Ce film, je l’ai vu gamin et j’en ai gardé un excellent souvenir. Depuis, en regardant de plus près son thème et son générique, j’ai compris pourquoi. Il y avait d’abord l’histoire du héros grec. Nous étions à une époque, j’avais une dizaine d’années la première fois où j’ai vu ce film à la télé, où j’adorais tout ce qui touchait à l’Antiquité, dévorant « L’Iliade » et « L’Odyssée ».
MFAM #6 – ULYSSE – Mario Camerini
Pénélope seulette
Aujourd’hui, le fait que Ulysse soit incarné par Kirk Douglas et que la réalisation soit due à Mario Camerini, excellent cinéaste italien dont j’aime beaucoup aussi « Kali Yug », sorte de séance de rattrapage du « Tigre du Bengale » de Fritz Lang, me font comprendre pourquoi j’ai aimé dès le début cette version filmée de « L’Odyssée ». Ulysse, c’était le gars pas compliqué, toujours prêt à rendre service aux copains, histoire de se foutre sur la gueule avec eux et de boire des coups. Là, en l’occurrence, son pote Ménélas apprend qu’il est cocu et il rameute toute une petite troupe pour aller contrer ceux qui s’opposent à lui. Cette sorte d’élection ne se fait pas en deux tours mais en 10 ans. Donc, ça fait 10 ans que l’Ulysse est loin de chez lui et de sa femme Pénélope quand il programme son retour. Vous me suivez. Parce qu’allez savoir ce qui se passe, les trajets directs n’existent plus, il opte genre pour un Ouigo maritime avec quantité d’escales, s’amuse pendant les unes, se paume un peu avec les autres, rencontre bien sûr quelques jolies nanas pour occuper son temps libre, se marave avec un cyclope, écoute le chant des sirènes en prenant bien soin de se faire attacher… Bref, un Club Méd qui dure lui aussi 10 ans, autant que la guerre de Troie.
Emploi fictif
Et sa Pénélope, pendant ce temps-là ? Que croyez-vous qu’elle fasse ? Son bonhomme est parti la fleur à la hache pour une petite excursion guerrière et ça lui a pris dix ans. Puis il est revenu et ça lui a pris encore dix ans. Alors, elle, bien entendu, comme c’est une jolie femme, l’oeil un peu triste, taciturne mais malgré tout courtisée par un tas de mecs qui lui tournent autour, elle, elle tricote. Des pulls pour son gamin Télémaque, des chaussettes pour les nuits froides et puis surtout une grande tapisserie. Maligne comme une tumeur, elle leur a dit, aux Prétendants, qu’elle en épouserait un (puisqu’avec tout ce temps, tout le monde pense qu’elle est veuve) lorsque sa tapisserie serait achevée.
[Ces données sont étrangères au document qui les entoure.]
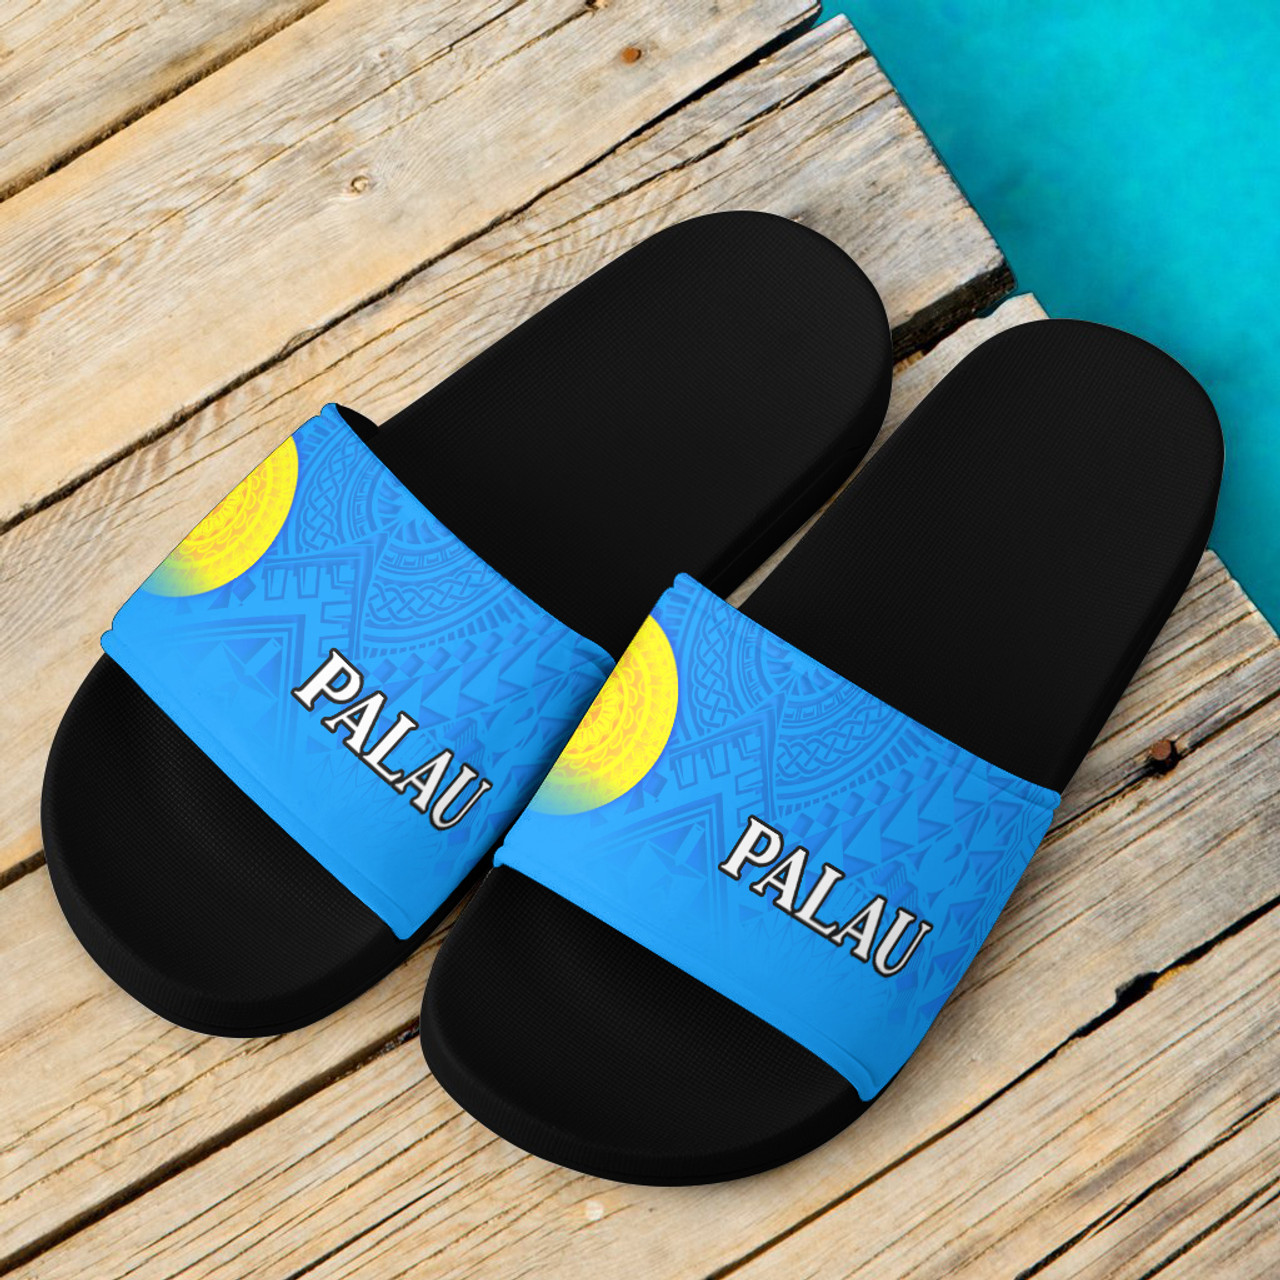 Palau Flag Color With Traditional Patterns Slide Sandals

Elle coud donc la journée et découd la nuit. Un genre d’emploi fictif.
Mais bon, dans le film, Camerini s’intéresse surtout à ce qui est spectaculaire : le cyclope, les sirènes, les Lotophages, Charybde et Scylla, Circé, les compagnons changés en pourceaux… Les affaires courantes, quoi !
C’était un temps où les effets spéciaux n’étaient pas aux mains de geeks géniaux mais d’artisans qui l’étaient tout autant, géniaux. Ici, ils sont le fruit d’un procédé créé par le grand chef op ‘ Eugen Schüfftan, à qui l’on doit les images de « Drôle de drame », « Quai des brumes », de quelques films américains d’Edgar G. Ulmer et, après son retour en France, de sujets tournés par Georges Franju et Jean-Pierre Mocky. Autant dire que ça passe très bien !
Reste aussi le casting : Kirk Douglas égal à lui-même et Silvana Mangano dans le double rôle de Péné et Circé (comme cela, personne ne peut reprocher à Kirk/Ulysse son infidélité). Silvana, belle à couper le souffle en Pénélope seulette. A croire qu’Homère avait préfiguré avec son héroïne (et pas question de l’entendre dire, comme Lou Reed, « and I guess I just don’t know ») tout à la fois la jeune pilote de la série animée Les fous du volant, la fameuse Pénélope Joli-Coeur, et la journaliste des Nuls, la bien nommée Pénélope Solette. Pardon, vous pensez à une autre femme du même nom ? Heu, non, je ne vois pas. Je donne ma langue aux tchats.